It's typically easy for us to pray prayers of petition, asking God to help us in our time of need.
Even praying prayers of thanksgiving can be easy, as we might thank God for responding to one of our requests.
Prayers of praise, however, are not usually on our to-do list. We don't always think about praising God for his goodness.
The Catechism of the Catholic Church reminds us of this type of prayer in its section on prayer:
Praise is the form of prayer which recognizes most immediately that God is God. It lauds God for his own sake and gives him glory, quite beyond what he does, but simply because HE IS. It shares in the blessed happiness of the pure of heart who love God in faith before seeing him in glory.
The most perfect form of praise is to simply praise God for "his own sake," not in response to a favor granted, but simply because he is God and we love him.
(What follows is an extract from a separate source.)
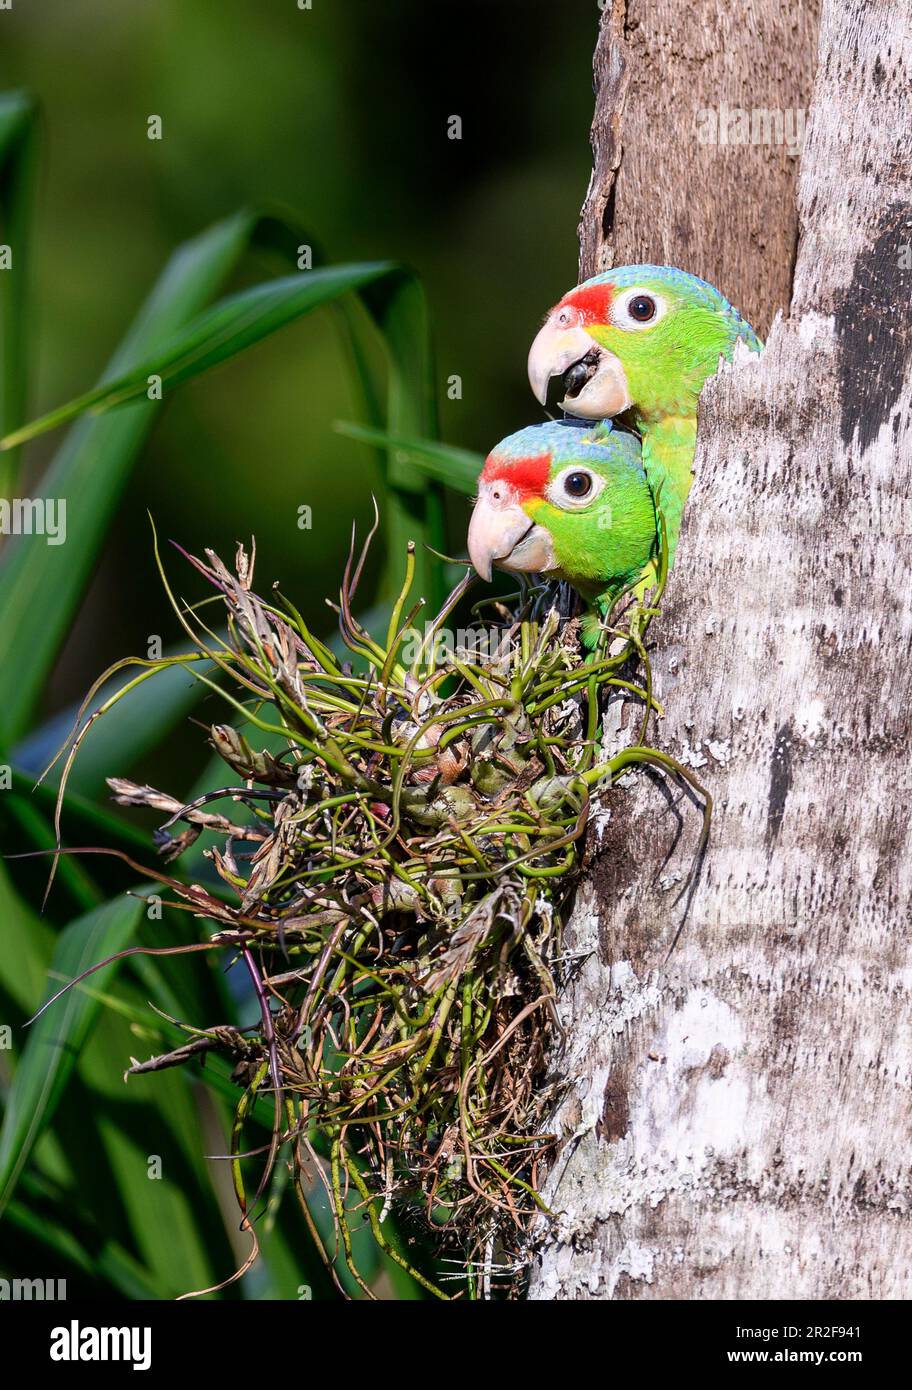 De grands poussins de perroquet rouge (Amazona autumnalis) dans leur trou de nidification. Photo de Laguna Lagarto, Costa Rica. Banque D'Images

Praise can also encapsulate all of our prayers and further bring them to God:
By praise, the Spirit is joined to our spirits to bear witness that we are children of God, testifying to the only Son in whom we are adopted and by whom we glorify the Father. Praise embraces the other forms of prayer and carries them toward him who is its source and goal: the "one God, the Father, from whom are all things and for whom we exist."
Do we ever praise God? If we do, how often do we praise God for simply being God?
As we examine our own prayer life, we should consider what role praise has in it.